Jakarta, 23 September 2025 – Sejak berdirinya DKARI pada 28 September 1945, kereta api terus menjadi moda transportasi publik yang menghubungkan berbagai daerah. Dari sejarah perjuangan bangsa hingga era modern, jejak KAI selama 80 tahun menunjukkan komitmen untuk menghadirkan layanan yang andal dan efisien.

“Sejak 28 September 1945, saat para pejuang kereta api mengibarkan bendera merah putih di kantor pusat Bandung, semangat itu terus hidup hingga kini.

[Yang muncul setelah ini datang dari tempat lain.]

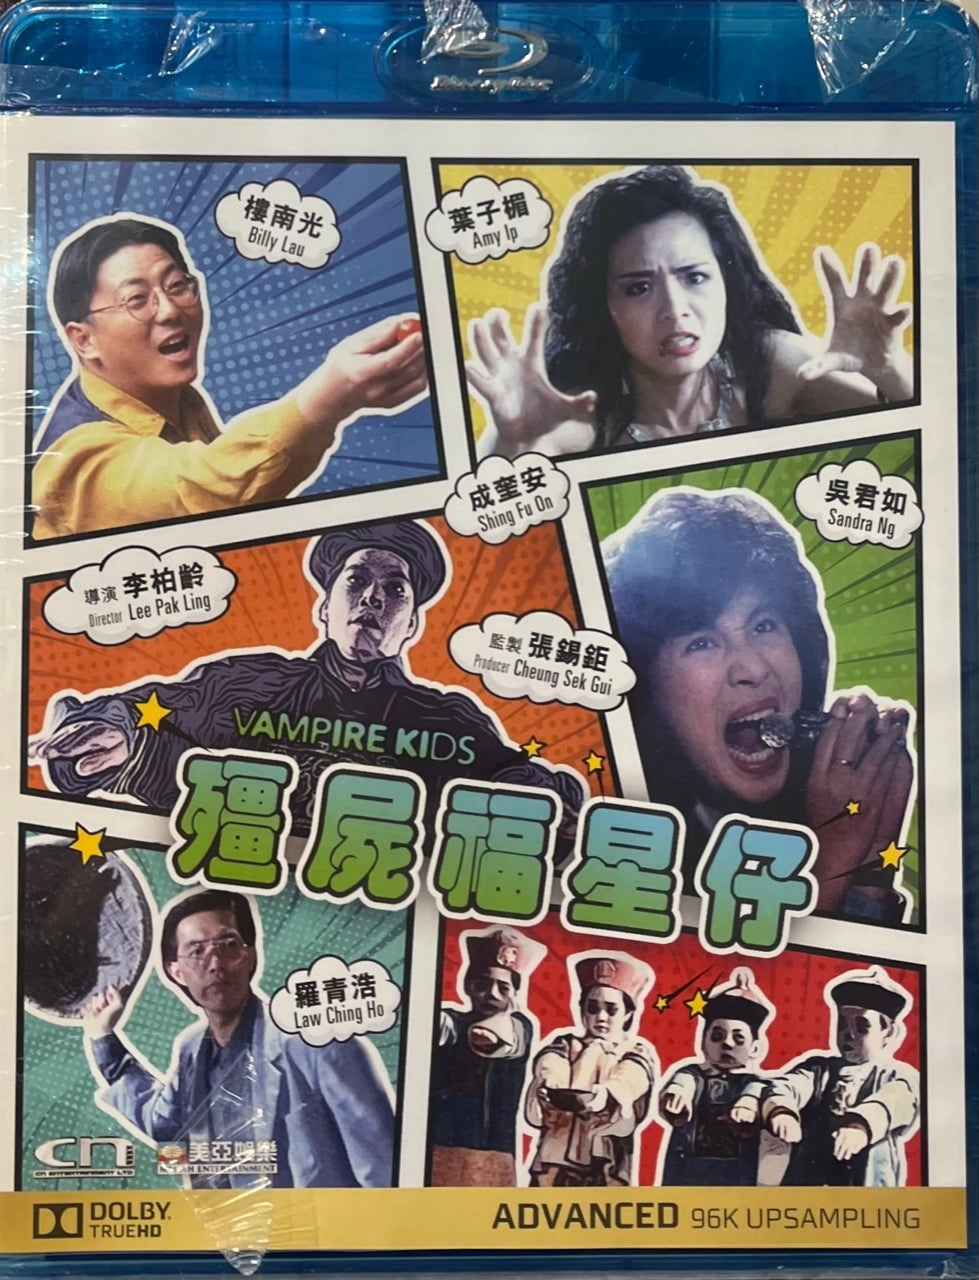 Vampire Kids 殭屍福星仔 1991 (Hong Kong Movie) BLU-RAY with English Sub (Region Free)

Dari semangat perjuangan itulah KAI menapaki jalan transformasi menuju layanan yang modern, inklusif, dan ramah lingkungan,” ujar Vice President Public Relations KAI, Anne Purba.

Dalam usia delapan dekade, KAI telah membangun sistem layanan berbasis digital. Pemesanan tiket melalui aplikasi Access by KAI mencapai 17,2 juta transaksi, atau 71,73% dari total penjualan pada Januari–Agustus 2025. Sistem boarding dengan teknologi pengenalan wajah di 22 stasiun besar menambah kenyamanan dan efisiensi layanan.

Pertumbuhan jumlah pelanggan juga terus meningkat. Sepanjang delapan bulan pertama 2025, KAI Group melayani 328,05 juta pelanggan, naik 8,51% dari periode sama tahun lalu. Angkutan barang mencatat 45,26 juta ton, dengan batu bara sebagai penyumbang terbesar sebesar 37,47 juta ton.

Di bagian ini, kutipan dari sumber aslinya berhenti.